I'm going to see a neurologist/sleep specialist (the person I found is both apparently). I just saw my psychiatrist and she didn't think she could help with my sleep. Which is actually fine IMO, because she does have a lot of other stuff to keep track of with me in terms of meds, and I'm not sure exactly what she could do. She doesn't have testing equipment or anything like that.
I have a completely different problem than frank insomnia. I can choose between insomnia and a semi-normal sleep schedule or heavenly, wonderful sleep and sleeping during business hours. I've already done blue-light, orange glasses at night, going out in the sun and exercising early in the day--every sleep hygiene thing I can think of. And I still do them in spite of it not seeming to work. Only thing I haven't tried is melatonin because I already have so many meds on board and don't want to add anything that could interact. My psychiatrist thought melatonin was OK to add but wouldn't say so definitively, so I'll wait till I see the neurologist/sleep specialist.
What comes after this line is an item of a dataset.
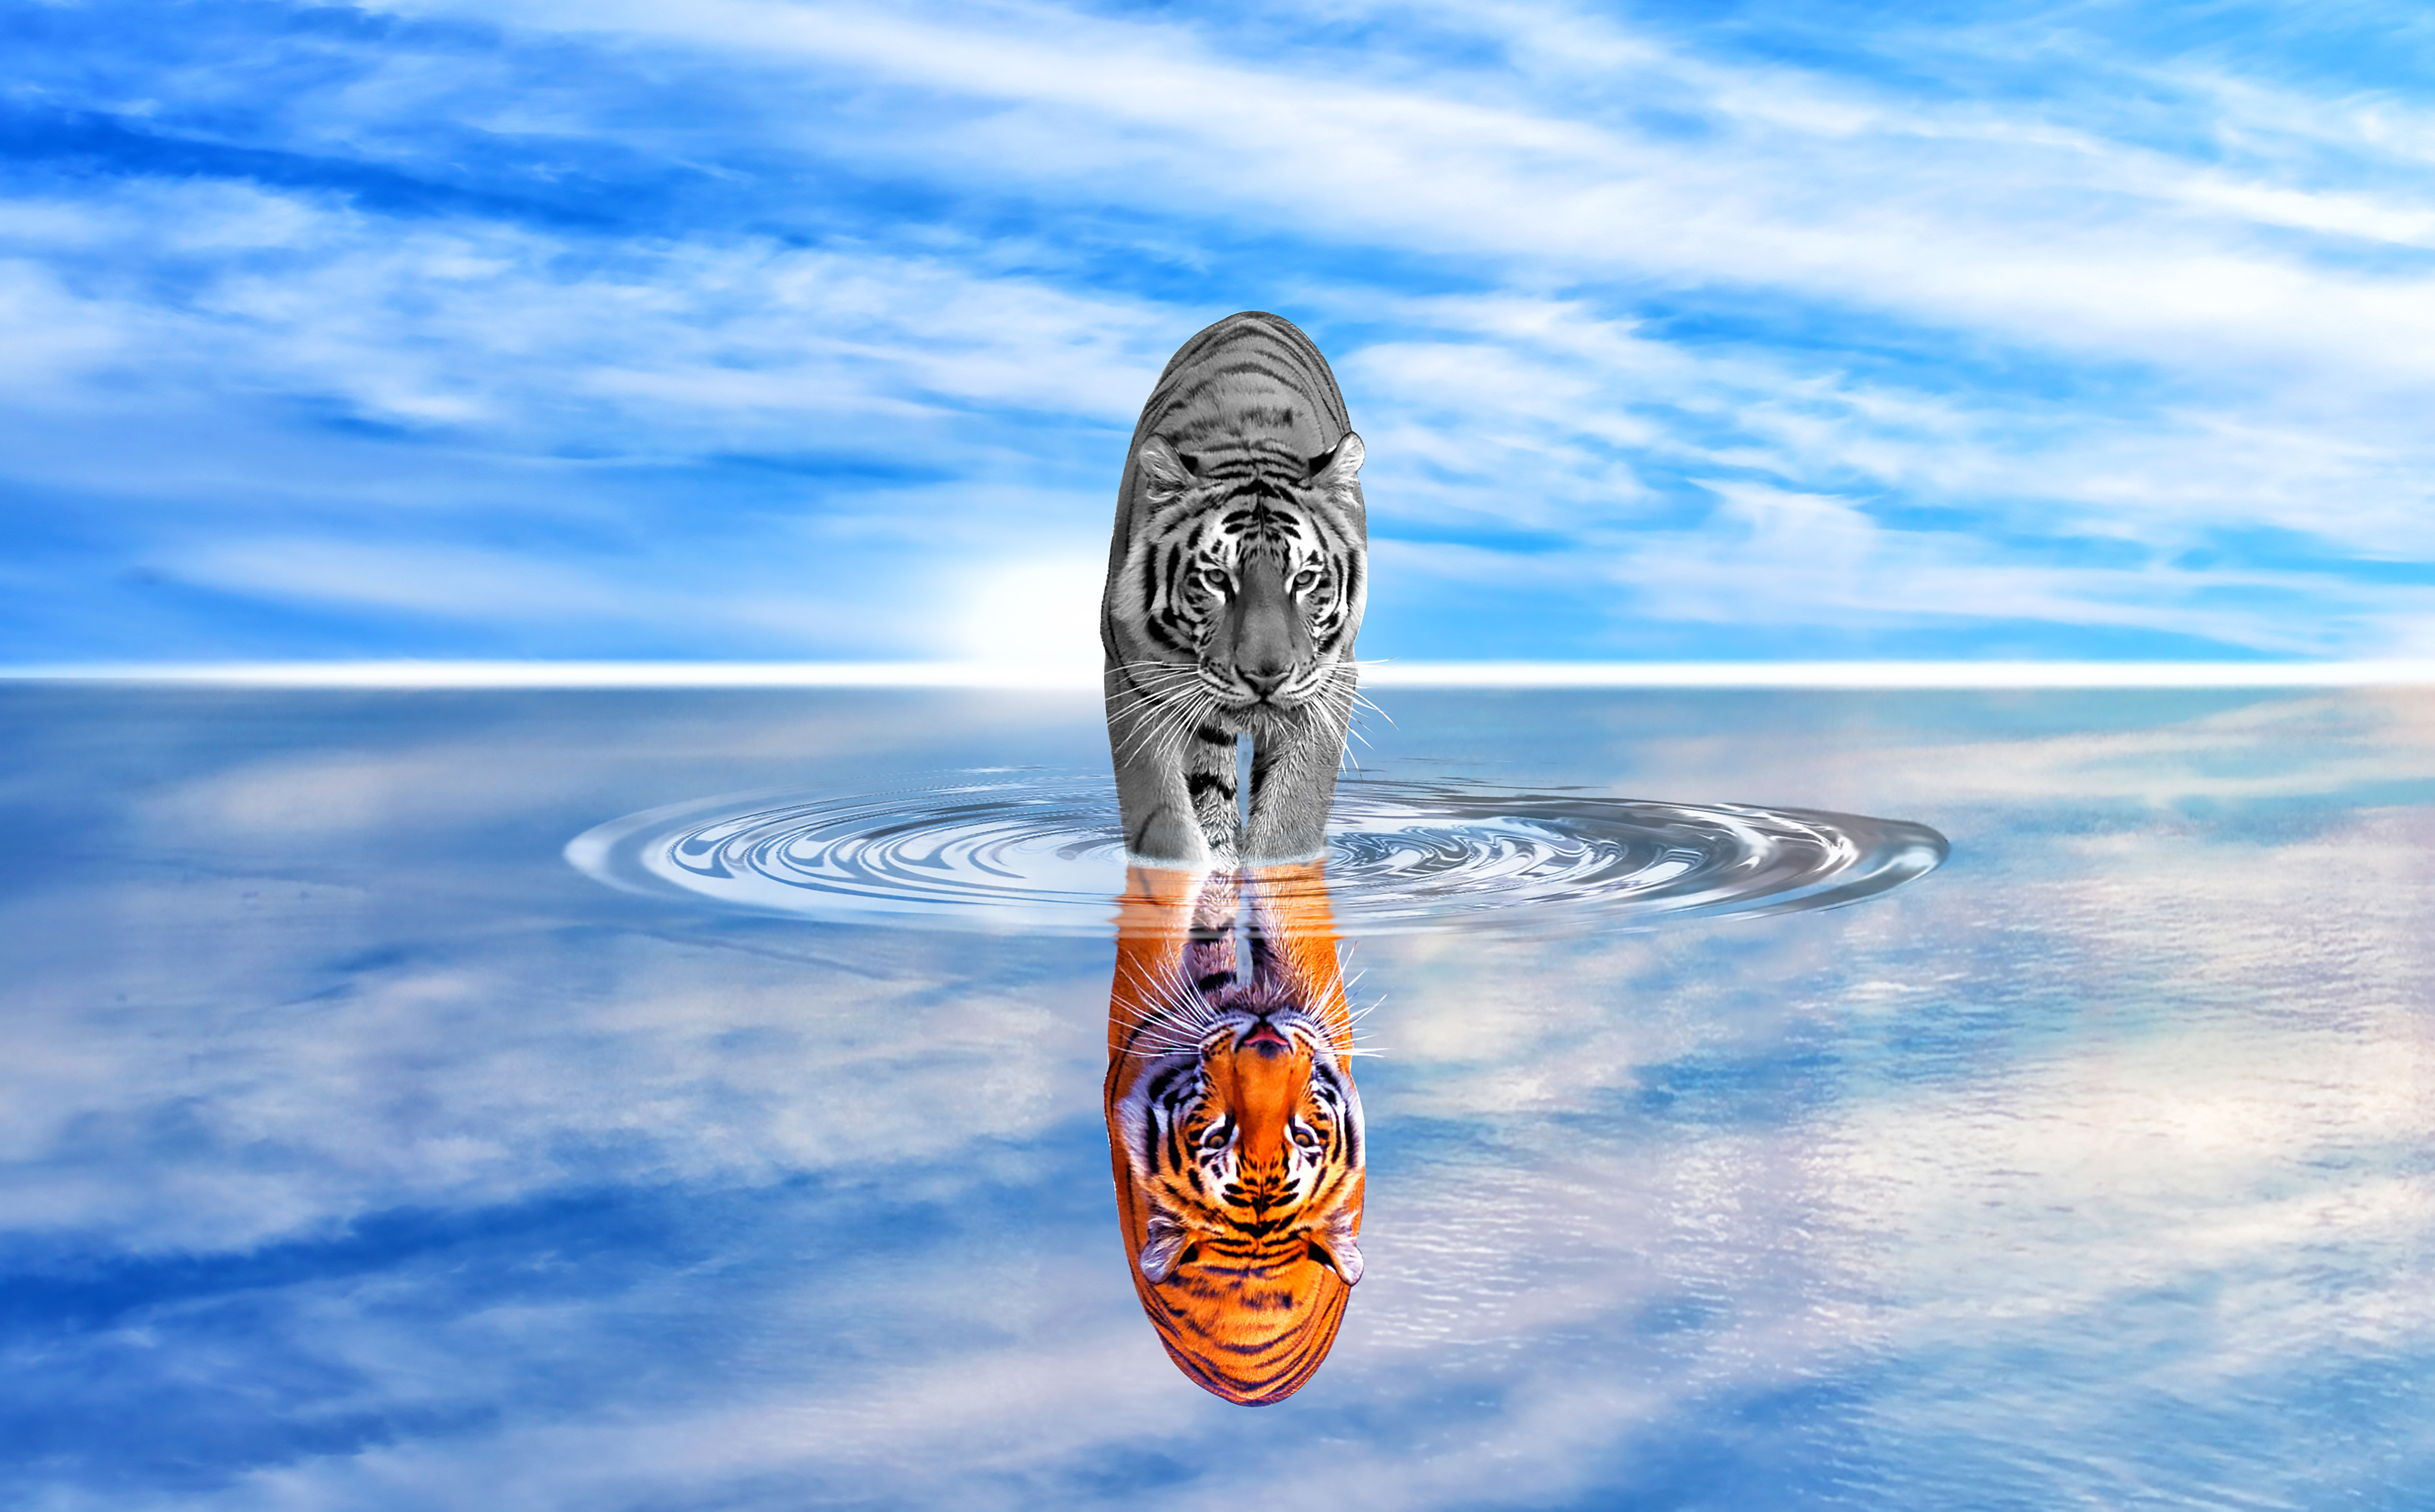 Ultra HD 4K water, reflection, tiger, photoshop

I feel guilty every time I let myself get good sleep because I know I'm getting away from a normal schedule. But when I stick to a normal schedule, I never get used to it and feel miserable.
It's a frustrating problem. People think that if I just wake up earlier I'll fall asleep earlier. But in truth I suffer through the fog of insomnia all day and then my brain clears out in the middle of the night and I'm finally awake. I've actually been curious if I were to move to the time zone I'm in sync with whether I would be "normal"--not that I would do that, but just wondering hypothetically.